Ursprünglich wurde das Modell unter dem Blickwinkel des Mediums Telefon entwickelt, um potenzielle Störungen bei der Signalübertragung (z.B. durch Rauschen, verzerrte Funkwellen oder Bildstörungen) zu erkennen. In diesem Kontext verlief eine Kommunikation erfolgreich, wenn die technische Signal-Übertragung neutral und störungsfrei ablief und die gesendete Nachricht mit der empfangenen identisch war.
Technische Störungen bei der Übertragung von Botschaften treten heute deutlich seltener auf als noch im 20. Jahrhundert – dank moderner, digitaler Übertragungstechnologien. Dennoch kann es gelegentlich zu Einschränkungen kommen, etwa bei schlechtem Handyempfang trotz WLAN-Verbindung oder bei UKW-Radio durch äußere Störeinflüsse.
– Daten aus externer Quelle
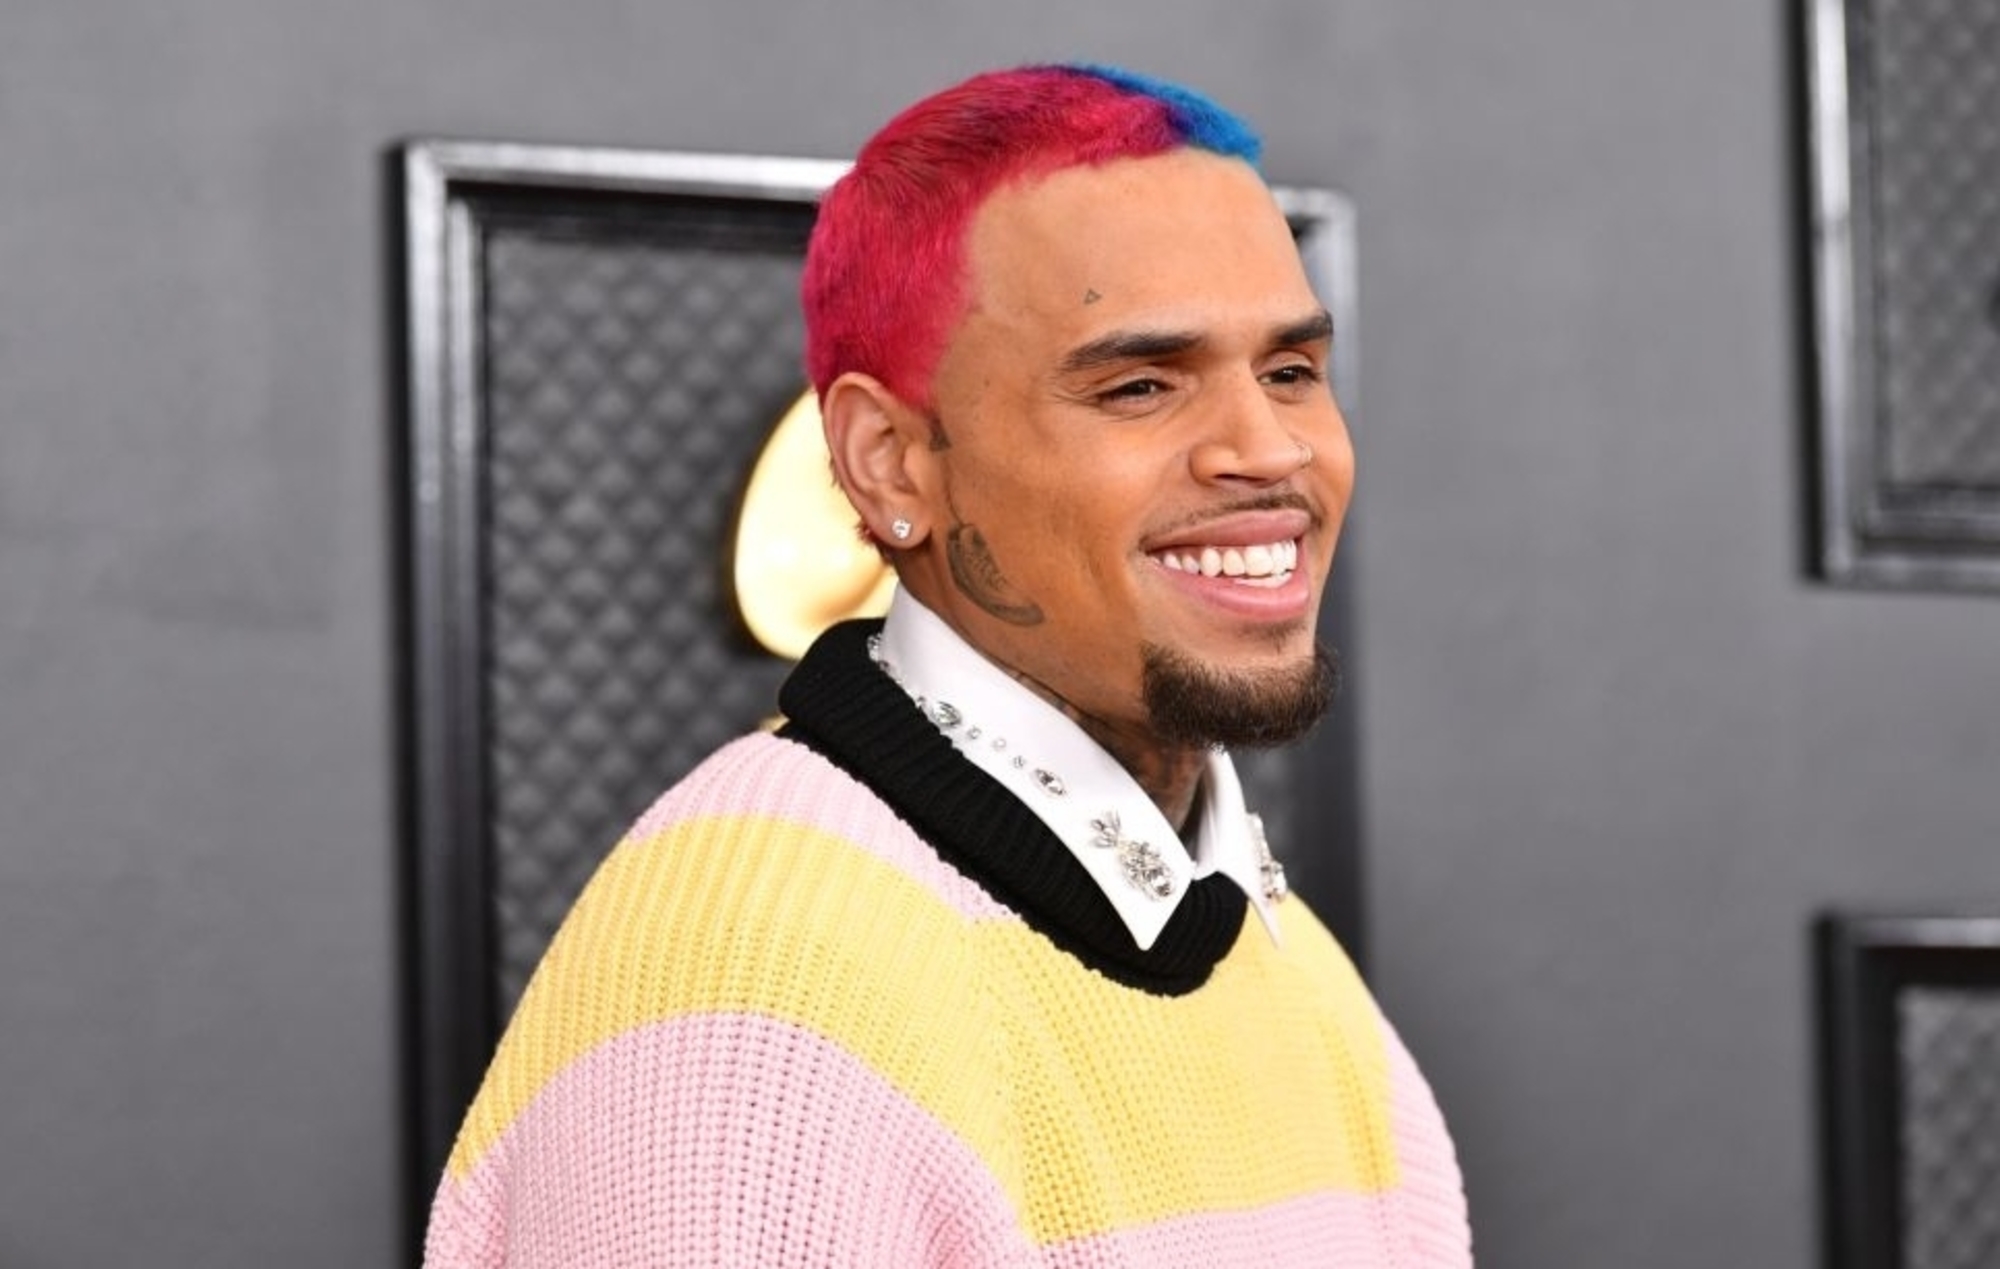 Chris Brown sexual assault lawsuit dismissed after singer settles out of court

Abgesehen von den bekannten technischen Störungen im Prozess der En- und Decodierung rückt zunehmend eine andere Dimension in den Fokus: Welche Rolle spielen sensorische Reize im Kontext kommunikativer Störungen? Und könnte es sein, dass den menschlichen Sinnen bei der Informationsübermittlung bislang unterschätzte Bedeutungen zukommen – mit Auswirkungen auf bisher kaum erforschte Störquellen in der Kommunikation?
2 Kann man menschliche Sinne als Medien bezeichnen?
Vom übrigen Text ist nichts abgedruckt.